At the 2014 Rainforest Writer’s Retreat, I was lucky enough to meet Diana Pharaoh Francis. In addition to just generally being a great addition to the retreat, Diana gave us two informative presentations about writing. One of these was about engaging characters, and I thought I’d share some of the things I learned. Buckle up–I’m about to lay a lot of information on you!

Getting a reader engaged with your characters is of paramount importance. Without an emotional connection, the reader is likely to put the story down. It doesn’t matter how clever or exciting the plot might be; people want to identify with the characters, whether it be loving them/wanting to be them, hating them, or a combination of the two.

Let’s start with some examples of likeable qualities we can give our characters. I’m sure you can think of even more.

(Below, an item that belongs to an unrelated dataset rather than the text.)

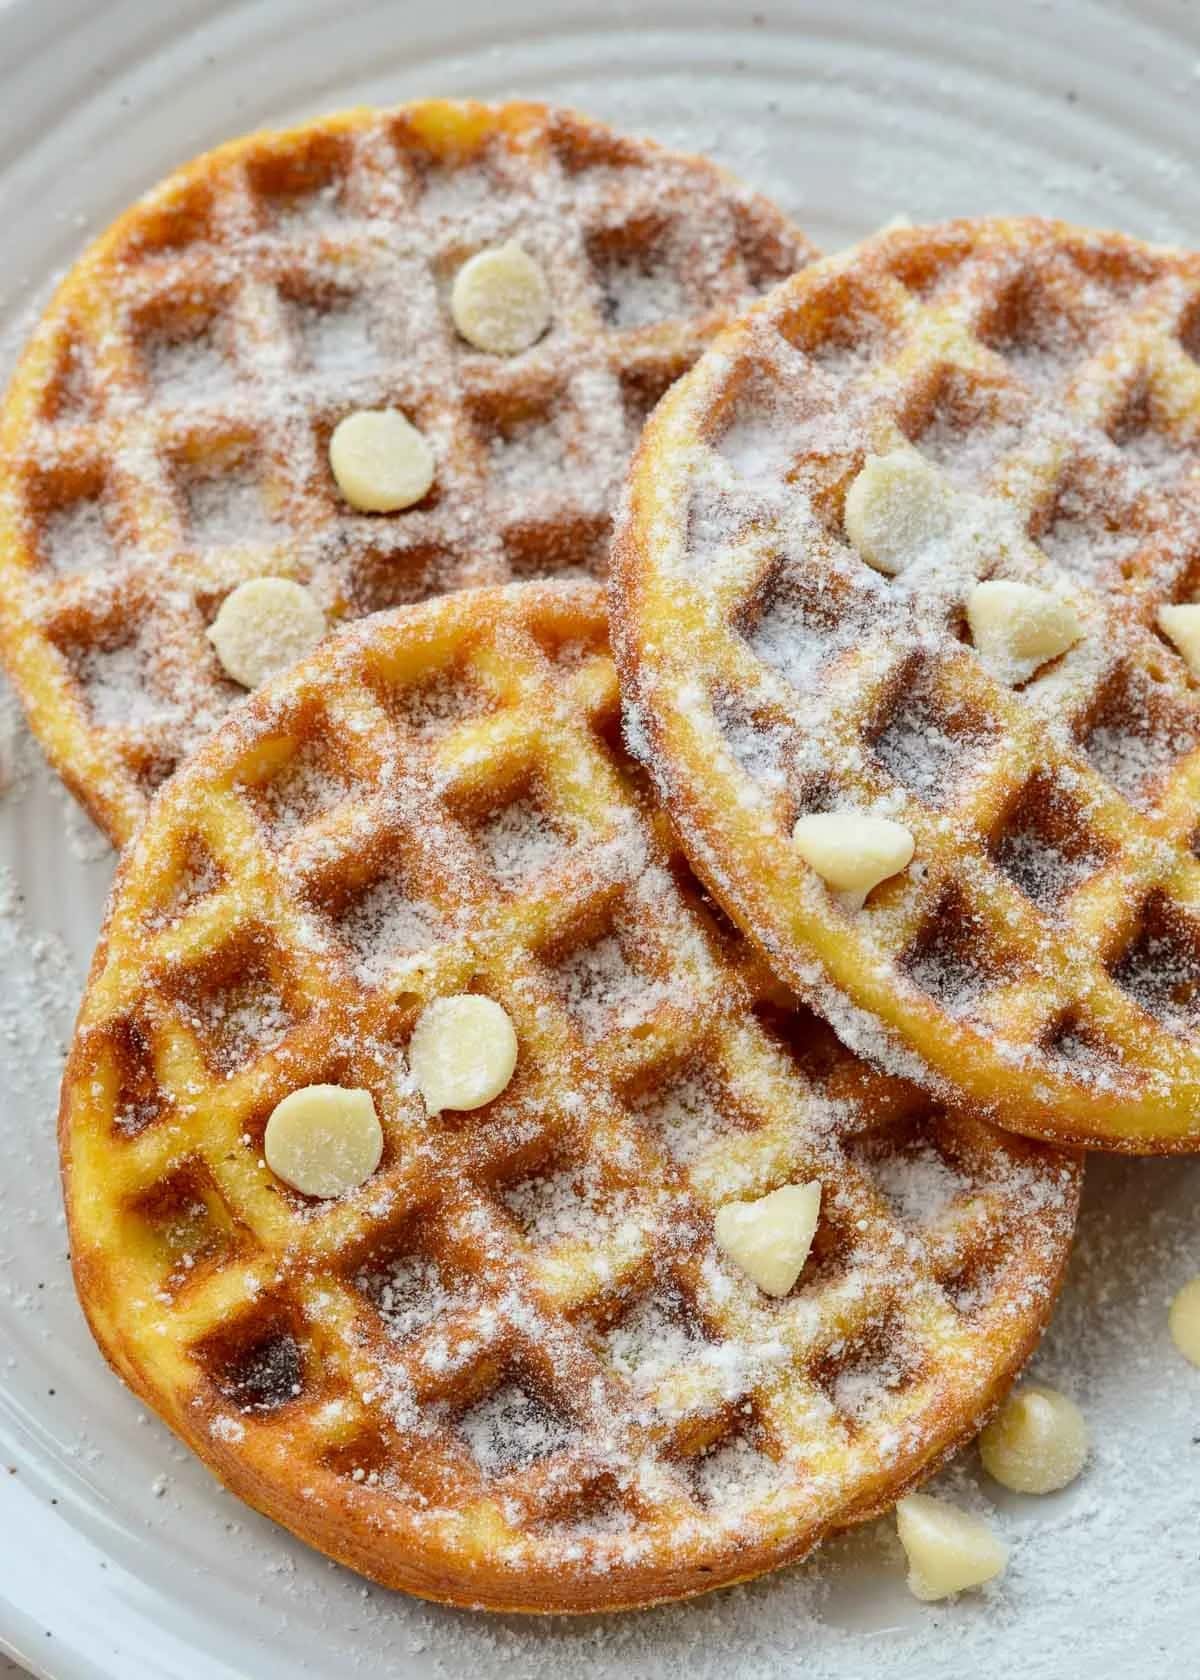 These Sweet Chaffles are perfect for a low-carb breakfast, snack, or dessert! Cheesy waffles are soft, fluffy, and packed with sugar-free white chocolate chips for a treat around 1 net carb each.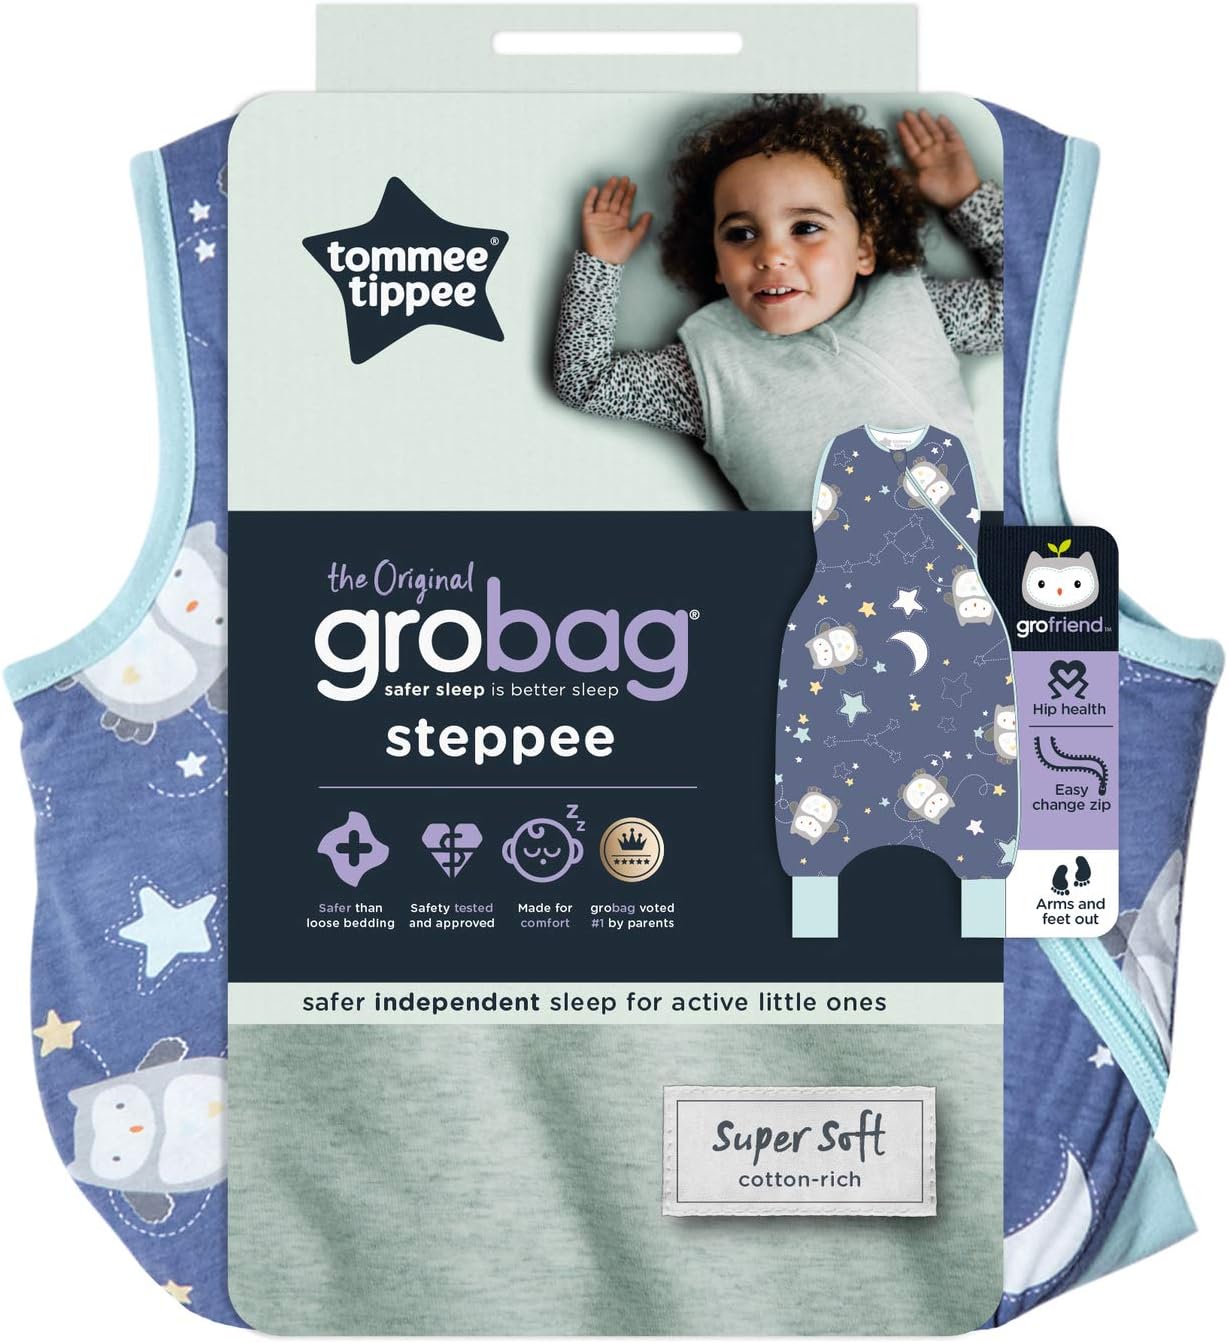 Tommee Tippee Baby Sleeping Bag with Legs, The Original Grobag Steppee, Baby Romper Suit, Soft Cotton-Rich Fabric, 6-18m, 1.0 Tog, Ollie Dreams

  • Redemption: If the character doesn’t ever show any redeeming qualities or hints that they’re going to improve, you’ll lose them. Going out of their way to help someone is an endearing quality.
  • Justification: Give them a good reason to do what they’re doing. Something that the character believes in will hook the reader, for instance. Don’t info dump, though. Slow reveal, dribble bits of it here and there, so the reader’s always looking for more.
  • Make sure your character shows likeable qualities; but only part of the time. (All the time is too much). The bad stuff, the character needs to own it.
  • Competence is a big one. We like watching people who are good at what they do. Consider James Bond: he’s a violent psychopath who doesn’t particularly respect women, trashes nearly every piece of equipment he’s given, and kills indiscriminately. But he’s really good at what he does, and we love him for it.
  • Have your character do things readers can identify with. Let readers live out their fantasies through the character, things they would never do in real life. Think vigilantes, etc.
  • Make them someone who smiles through the pain. Despite angst, they keep going, no whining.
  • They should make attempts to be good every once in a while. This doesn’t mean they’re just generally ‘good guys’… I’m talking about actual conscious choice to do something abnormally ‘good’. This is that little thing Taylor likes to call “Save the Cat”.
  • The character should recognize their own failings on some level; maybe not enough to change, but maybe enough to wish they could change.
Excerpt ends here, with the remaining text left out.